Mortgage in Maltese Maritime
What is a Mortgage?
A mortgage is an instrument executed by the mortgagor (the debtor) in favour of the mortgagee (the debtor), by which a ship may be made security for a debt. The Instrument of Mortgage must be made in the prescribed form, in the presence of a witness. The Instrument of Mortgage is usually accompanied by a Deed of Covenants specifying the time and method of repayment of the debt, the interest rate, insurance requirements, restrictions on the operation of the ship and the rights of the mortgagee upon default.
Why Use a Mortgage?
Mortgage is considered to be an extremely secure form of security under Maltese Law due to (i) its extended reach, (ii) limitation rights available to the mortgagee, (iii) priority rights granted upon default and (iv) strong self-help remedies available upon default.
Extended Reach
Maltese law expressly provides that a ship shall include together with its hull, all equipment, machinery and other accessories belonging to the ship. Even equipment, machinery or accessories which have been temporarily removed from the ship are considered to constitute part of the ship for security purposes. Hence, a mortgage over a ship also extends to such equipment, machinery and accessories.
The mortgage continues to attach to the ship and accessories until it is discharged or extinguished. It can only be extinguished in three cases, being:
(i) If the asset is forfeited and the mortgagee has consented to or conspired in the act leading to the forfeiture.
(ii) If the asset is sold by court order (judicial sale), in which case the rights of the mortgagee shall pass on to the proceeds of the sale.
(iii) If the asset is sold by a mortgagee in possession free from encumbrances, in which case the rights of all prior ranking mortgagees shall pass on to the proceeds of the sale.
The mortgage also extends to any indemnity arising from collisions and other mishaps as well as any insurance proceeds.
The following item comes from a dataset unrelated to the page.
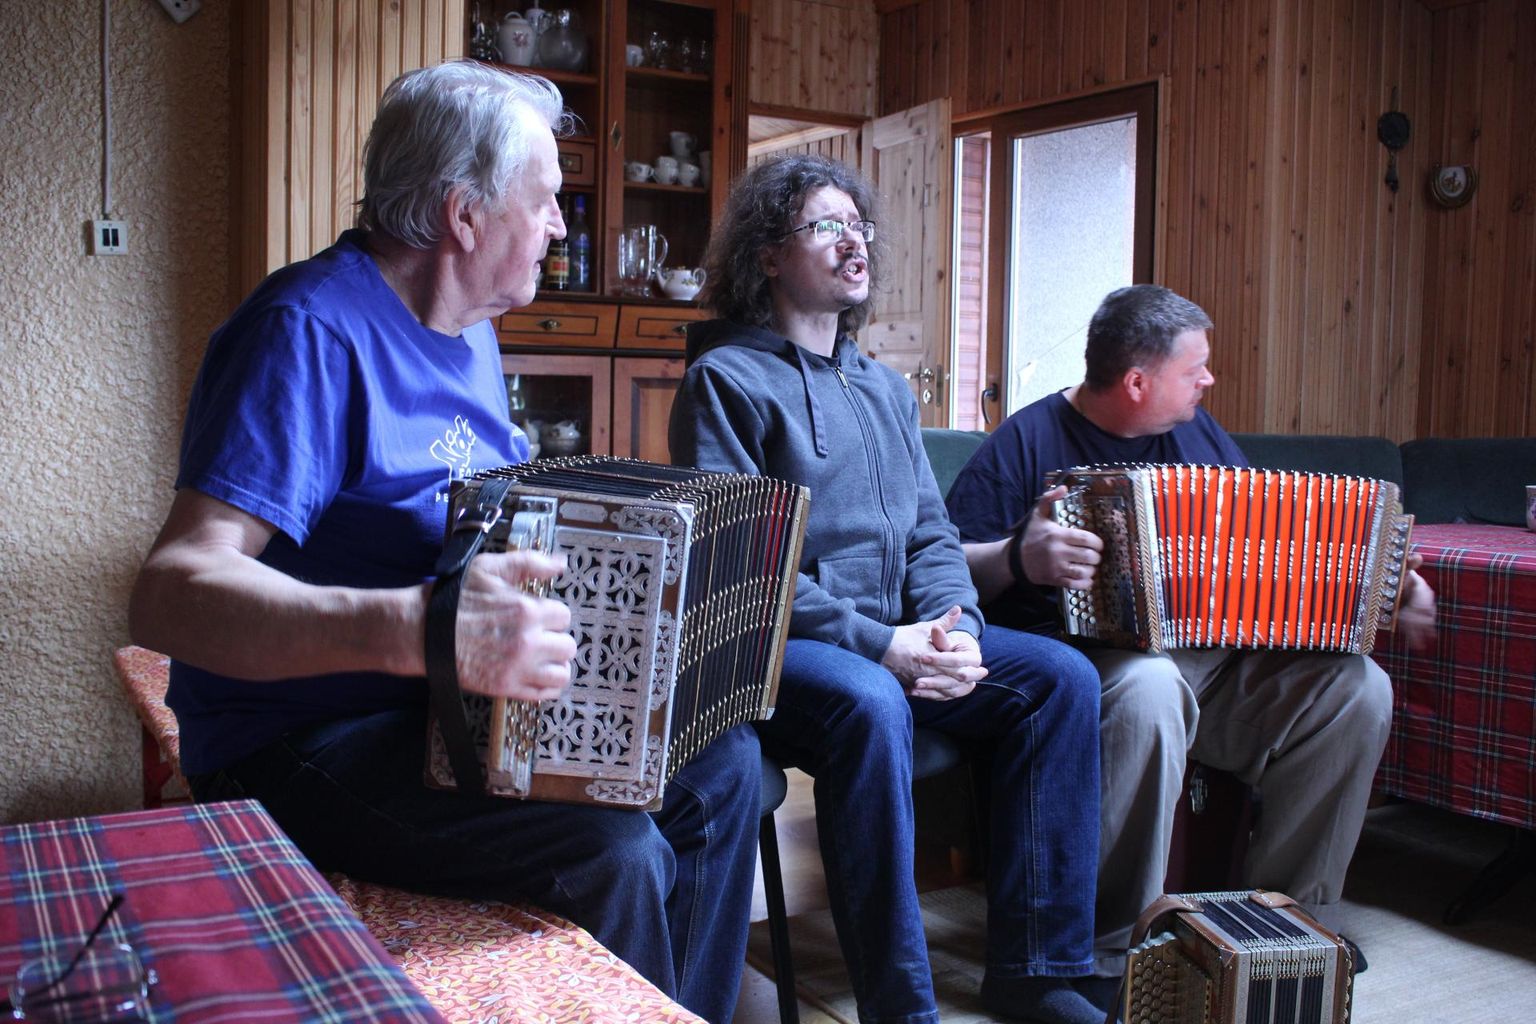 Lõõtsa Väntsutajate muusika on täienenud lauluga ning koos esinevad nad parasjagu koosseisus Kalle Raidsalu (vasakult), Vend Frederik ja Rene Raidsalu.
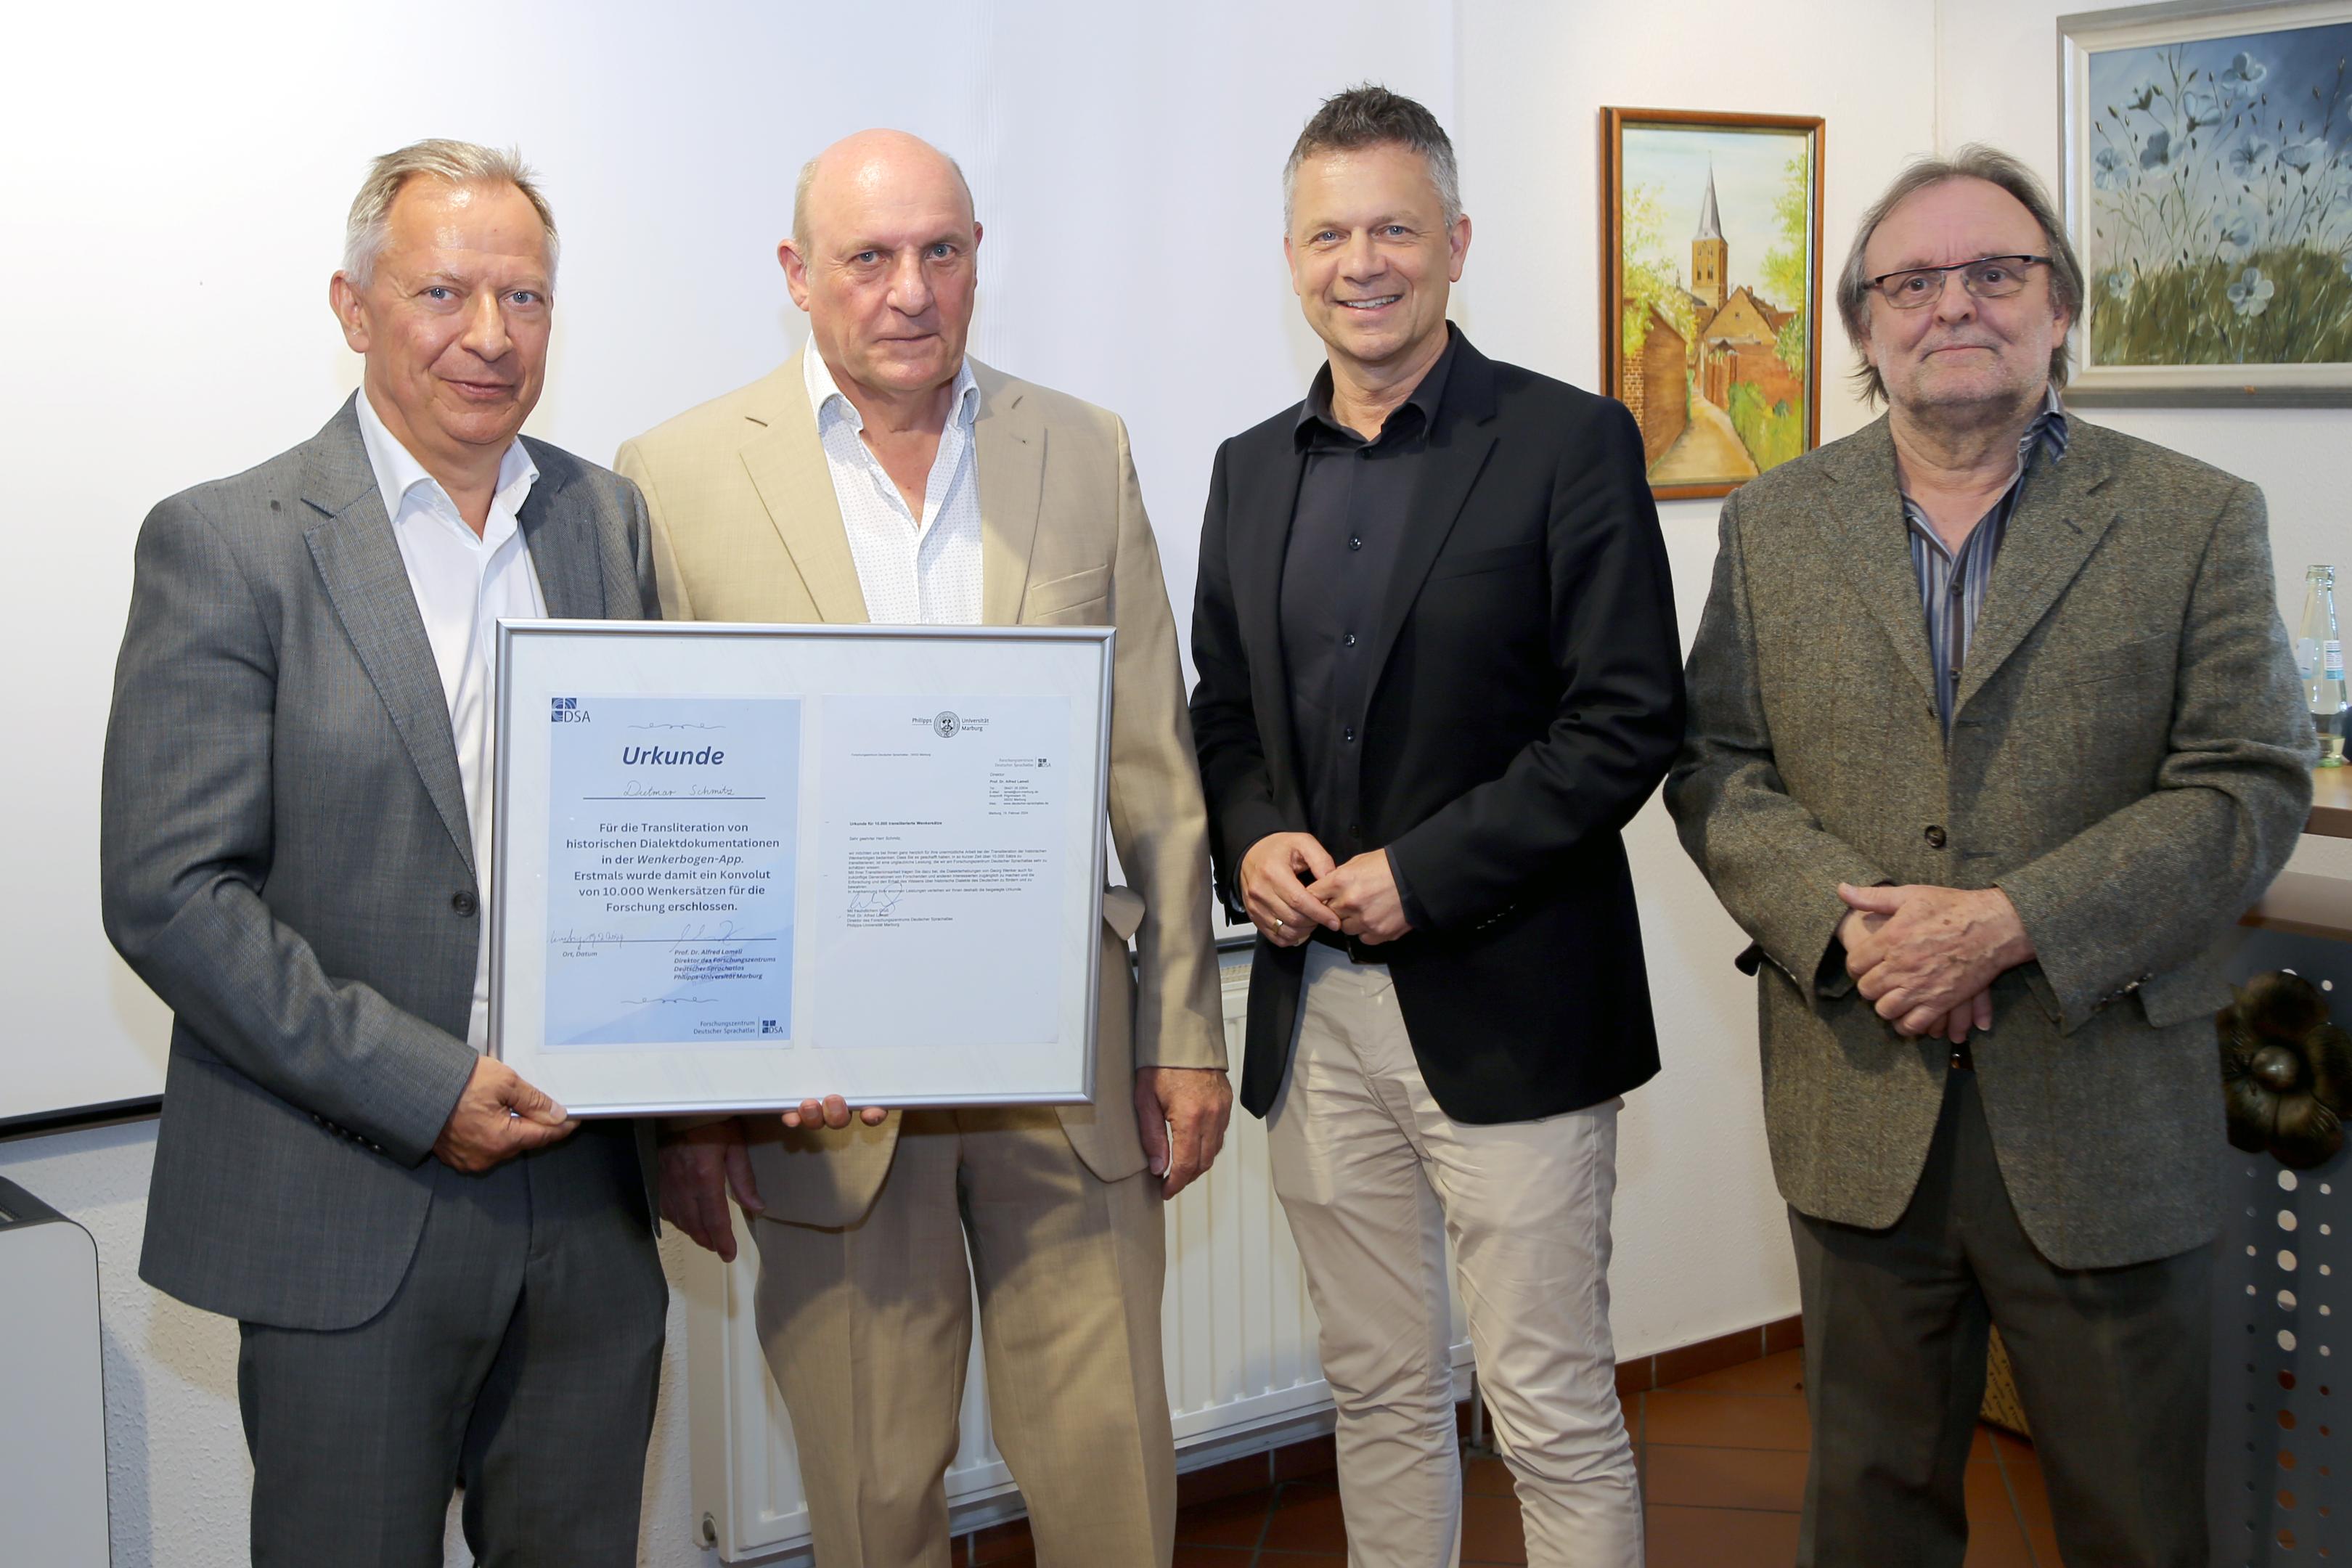 Zu der Urkunde, die Dietmar Schmitz (2.v.l.) für seine ehrenamtliche Arbeit in der Mundartforschung von der Philipps-Universität Marburg erhalten hat, gratulierten Stephan Pusch (links), Hermann Josef Heinen und Christian Pape (von rechts).

A mortgage may cover future obligations provided a maximum sum is expressly stated in the Instrument of Mortgage. However, the application of this rule is limited to mortgages executed in favour of credit institutions in approved jurisdictions.
Limitation Rights
The Instrument of Mortgage can also be drafted in a manner to require the prior written consent of the mortgagee prior to any further mortgages being registered on the ship. However, this rule shall not apply where such further mortgage is executed in favour of an existing mortgagee.
Priority Rights
Under Maltese law, a ship constitutes a separate and distinct asset to the estate of its owner for the security of actions to which it is subject. This means that all claims to which the ship is subject will have preference over all other claims of the owner’s estate. This preference is also not affected by the bankruptcy or insolvency of the owner. Even in cases of bankruptcy or insolvency of the owner, the claims of mortgagee shall not be interrupted by any liquidators.
Self-Help Remedies
Upon default and due notice in writing to the mortgagor, the mortgagee shall be entitled to:
(a) Take possession of the ship;
(b) Sell the ship, provided there are no prior ranking mortgagees (in which case, the consent of all prior ranking mortgagees is required);
(c) Apply for any extensions, pay fees, receive certificates and generally do all such things in the name of the owner as may be required to maintain the status and validity of the registration of the ship.
A mortgage is also considered to be an executive title under Maltese law, meaning that the mortgagee may enforce his claim against the mortgagor without needing to go through lengthy and expensive court proceedings.
Registration of Mortgage
Importance of Registration
Mortgages rank amongst each other from the day and hour on which they are registered. Furthermore, many of the aforementioned rights (such as all self-help remedies) are only available to registered mortgages.